» What you are asked to do
The data must be reproduced verbatim; images are to be omitted.

Provided data section start

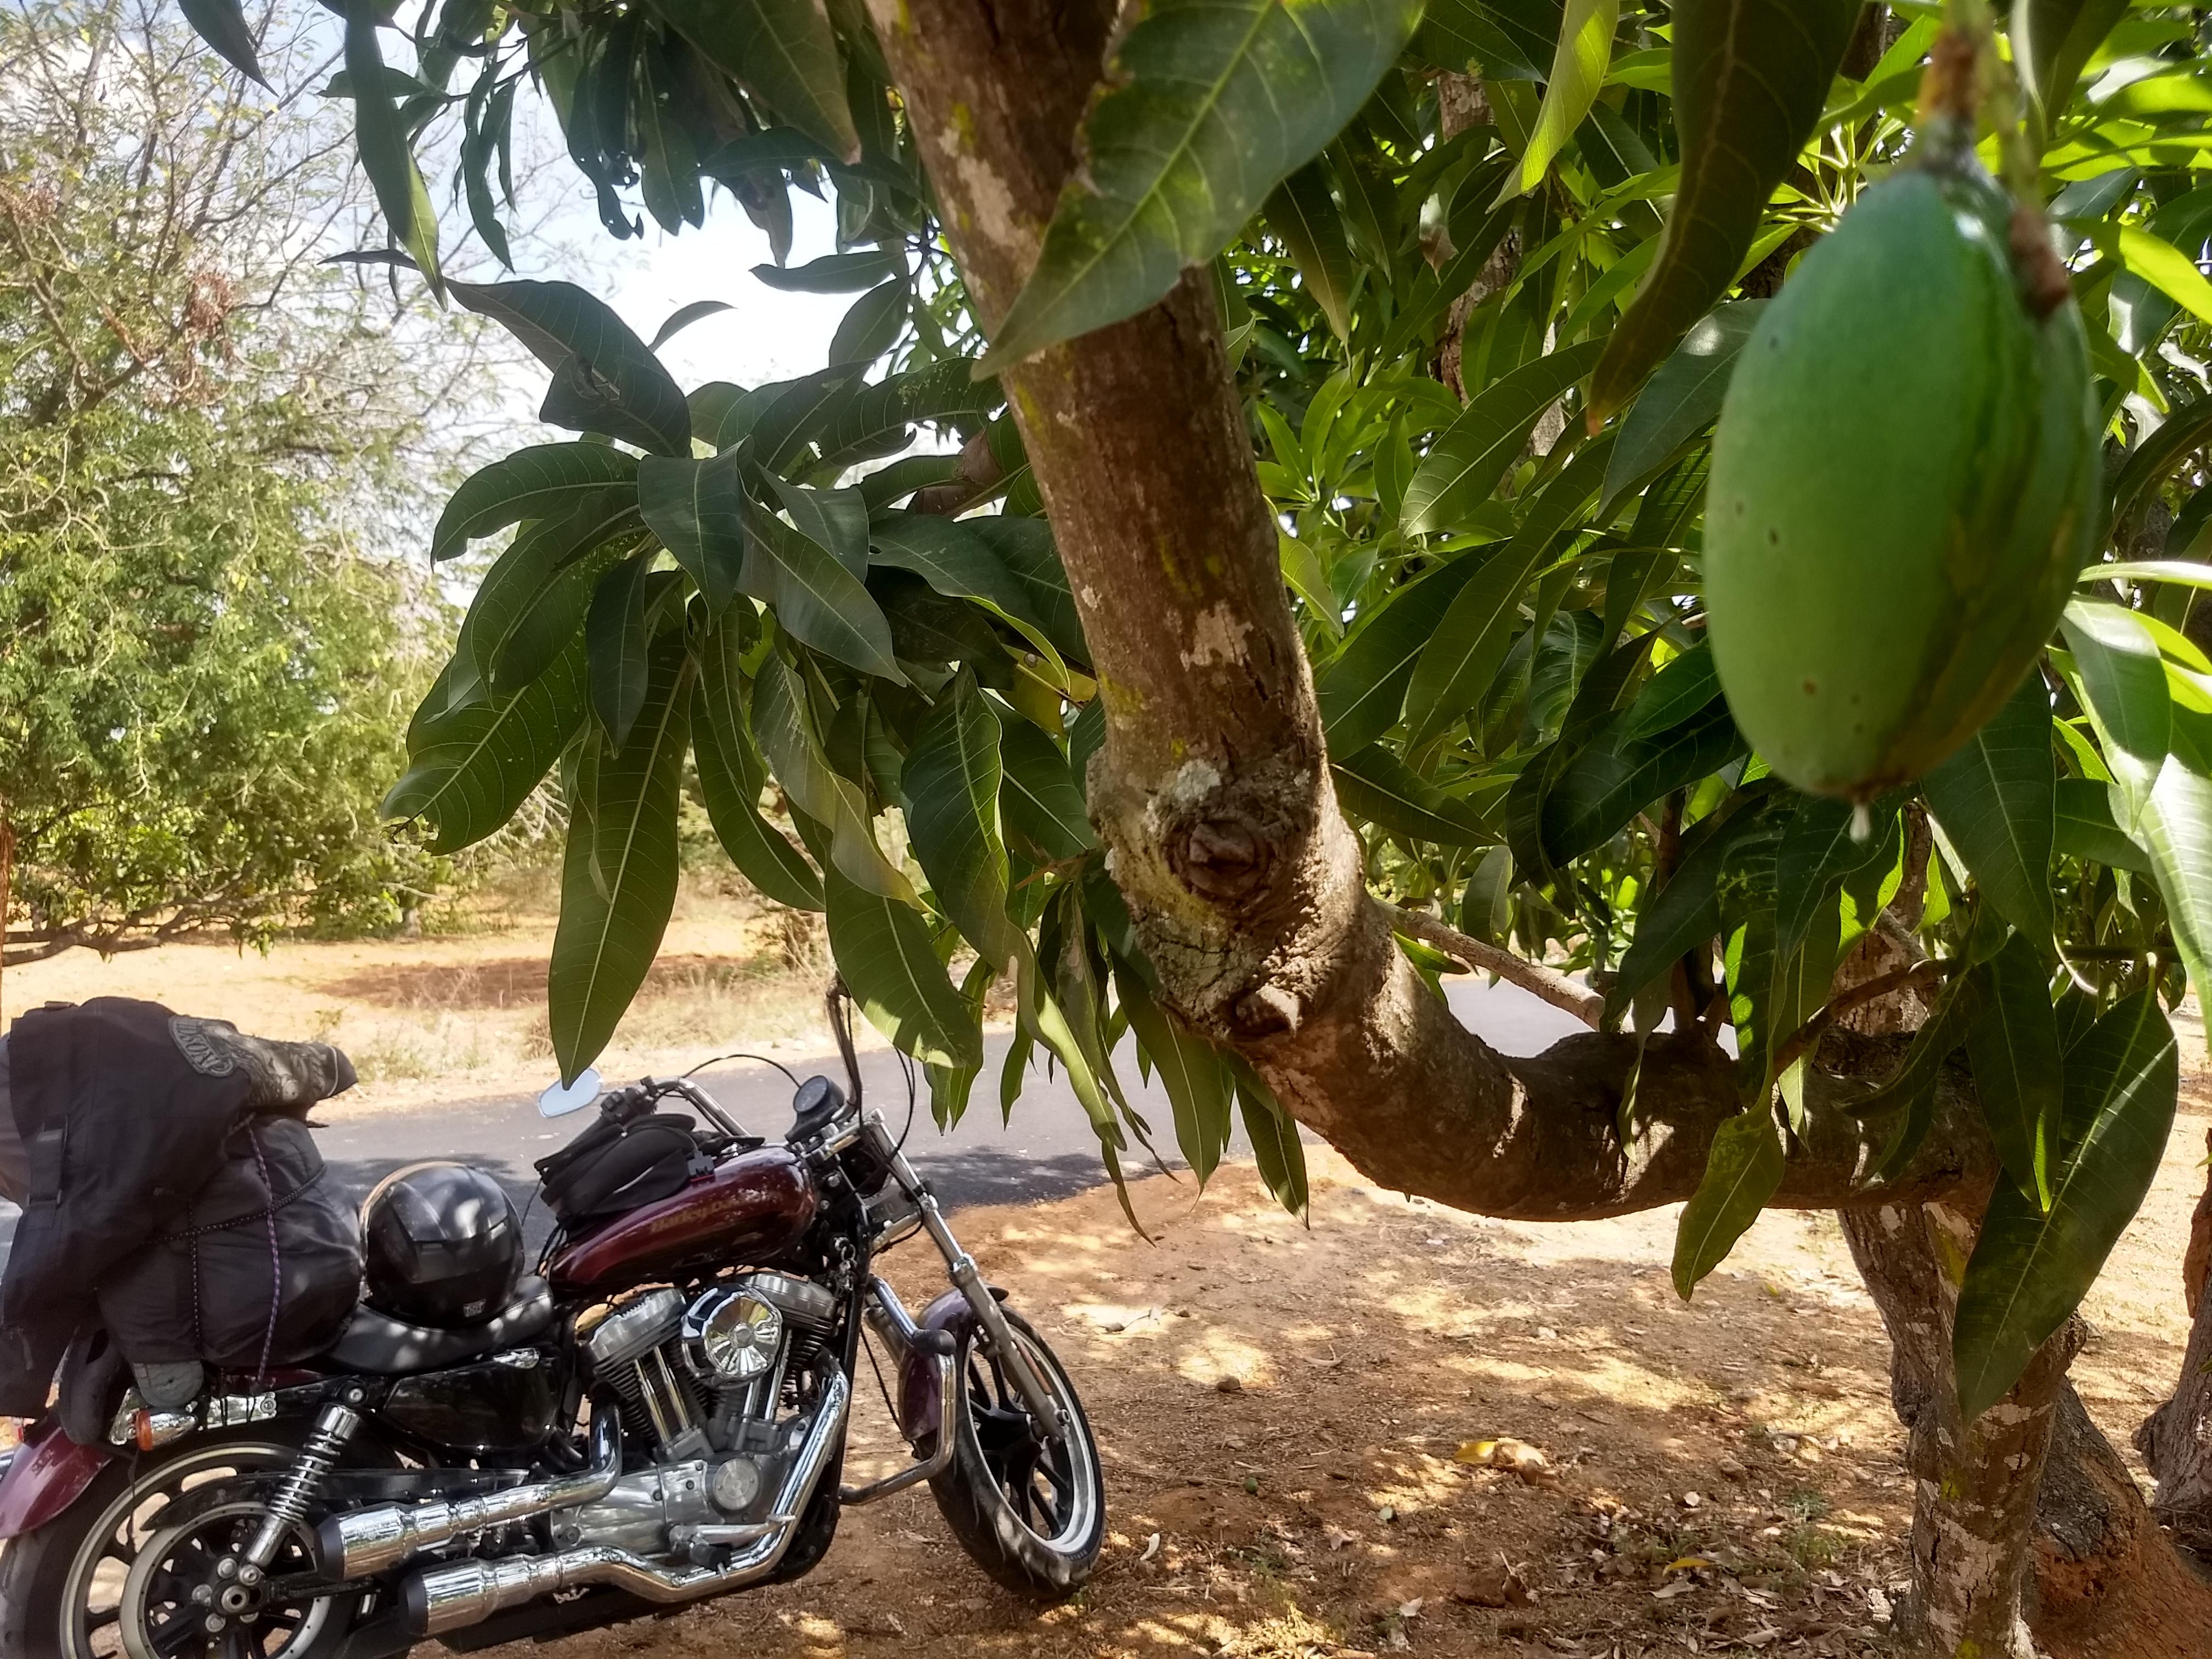 Ride Image by Vikram Bhaskaran
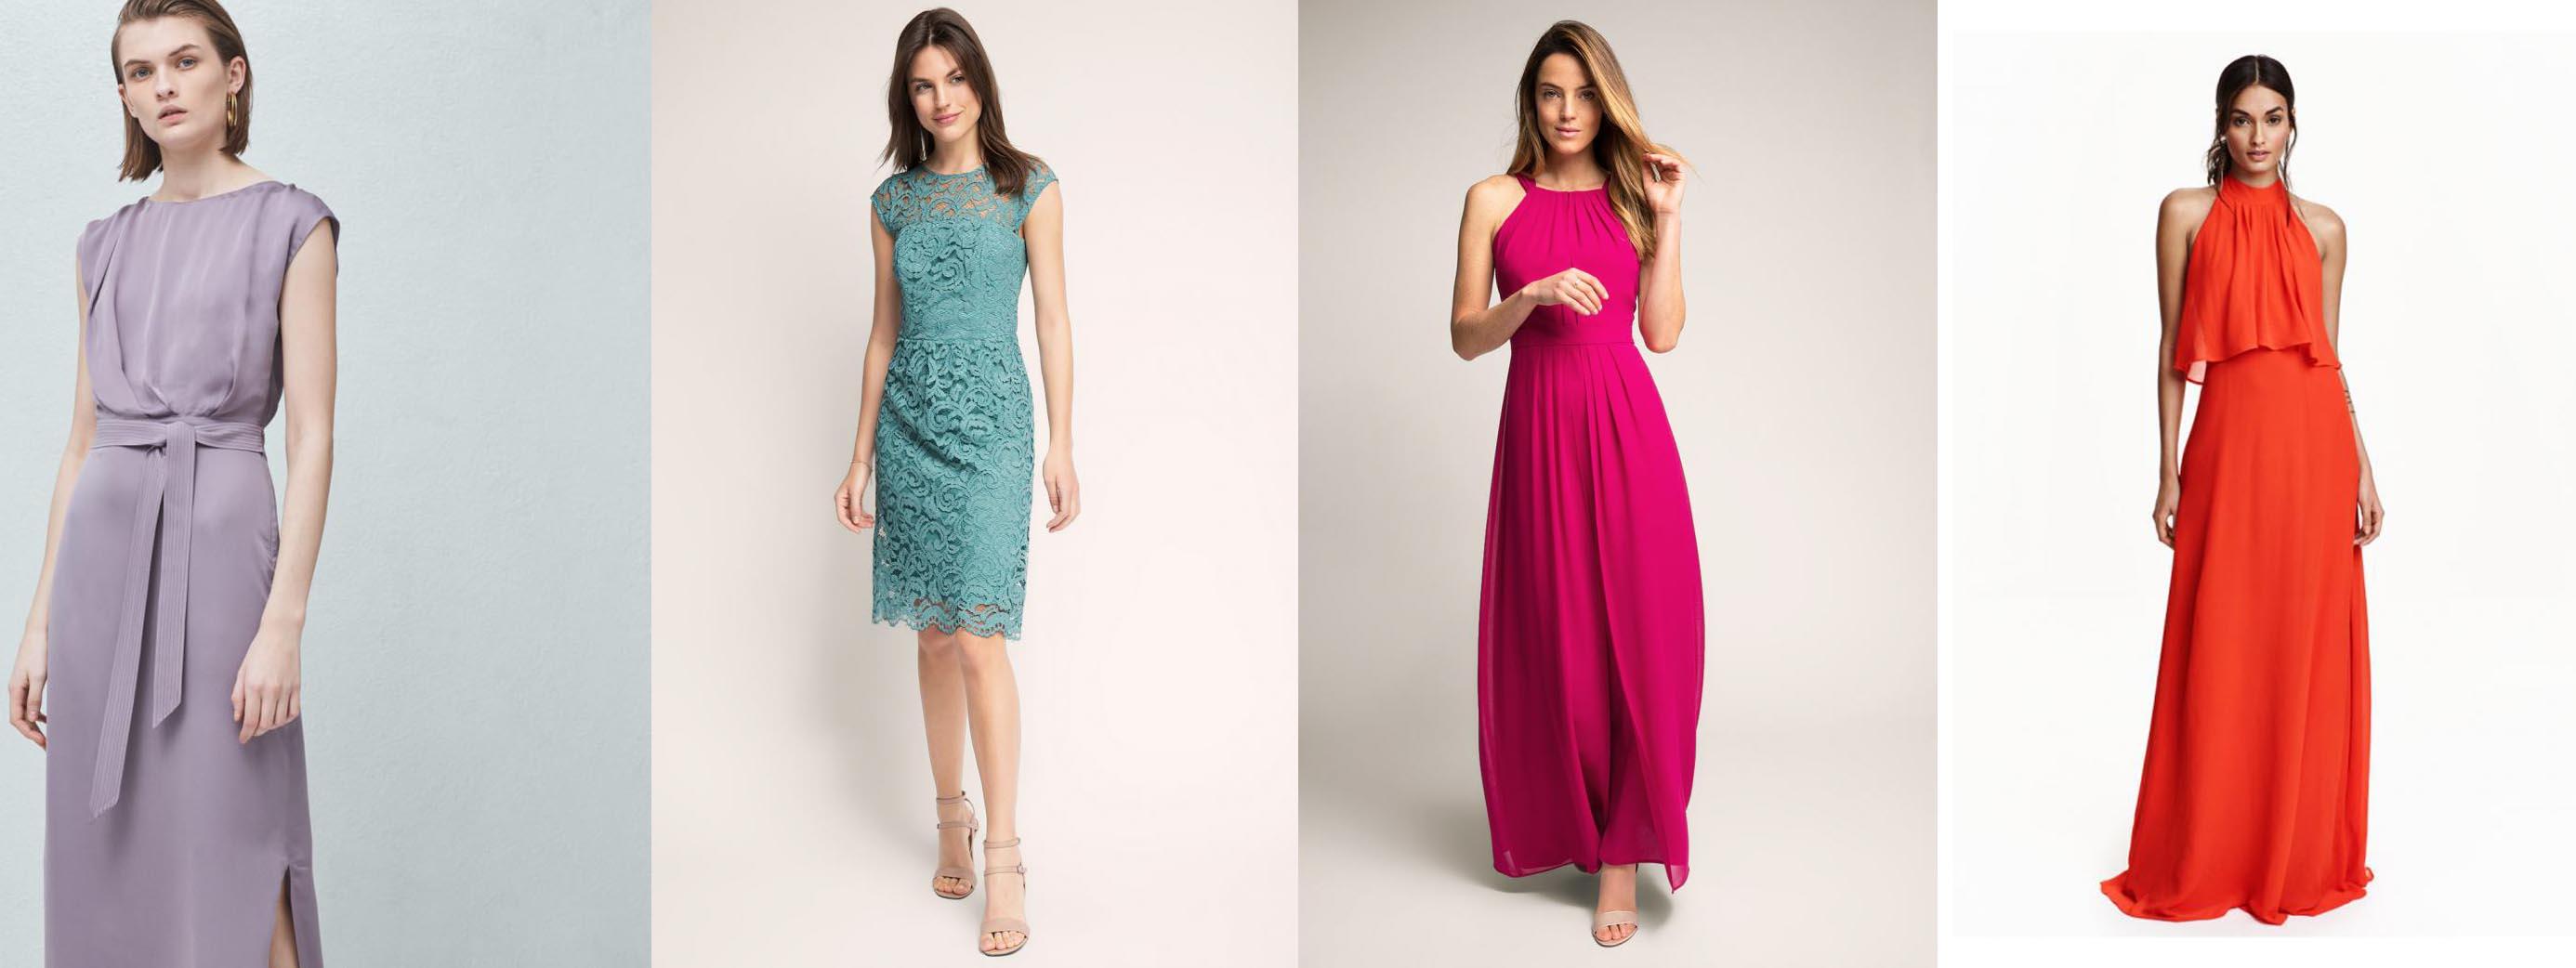 Shoppen: 16x de mooiste outfits voor een bruiloft
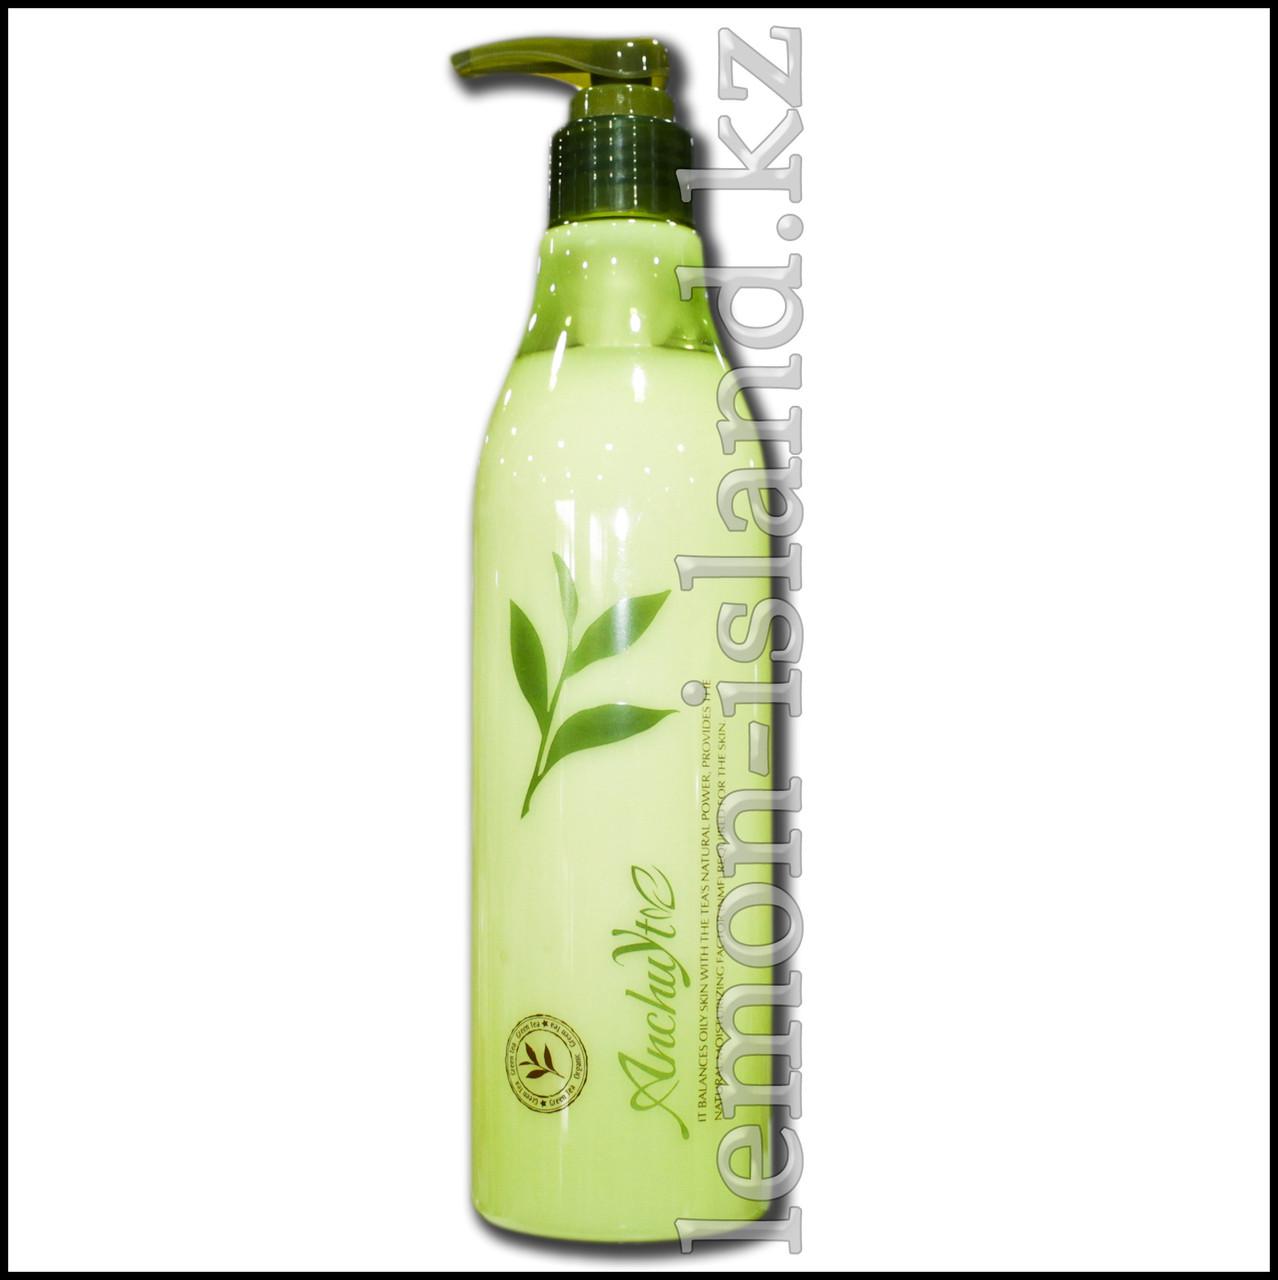 Молочко для тела увлажняющее с экстрактом зелёного чая (Таиланд).
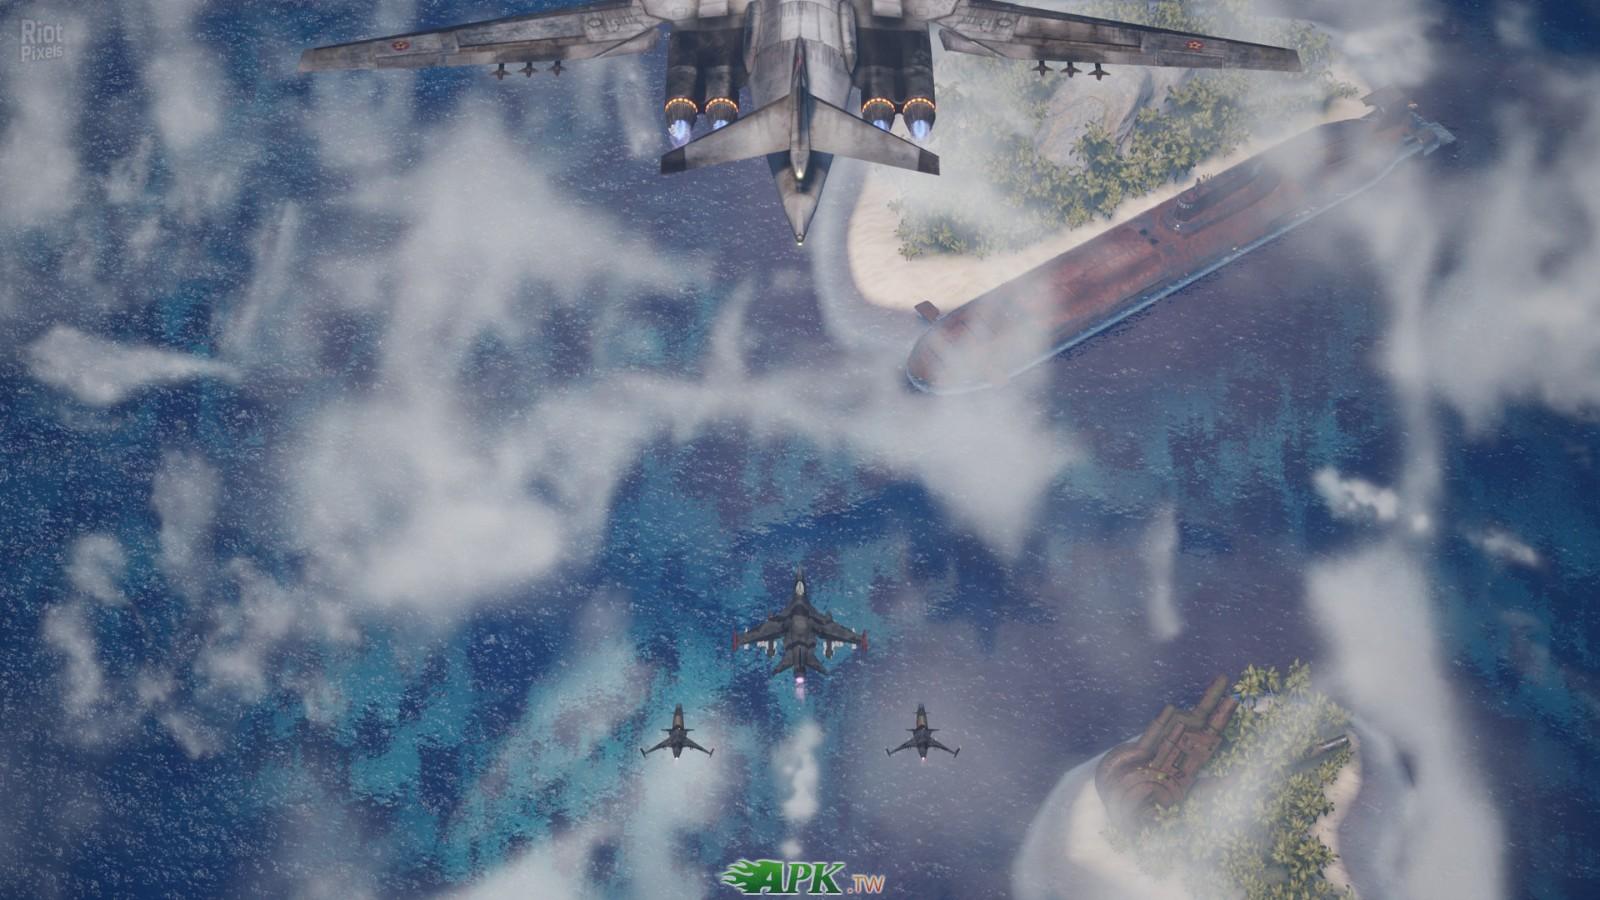 screenshot.cloud-cutter.1920x1080.2021-05-06.35.jpg

Provided data section end

» Completed task
 Ride Image by Vikram Bhaskaran
 Shoppen: 16x de mooiste outfits voor een bruiloft
 Молочко для тела увлажняющее с экстрактом зелёного чая (Таиланд).
 screenshot.cloud-cutter.1920x1080.2021-05-06.35.jpg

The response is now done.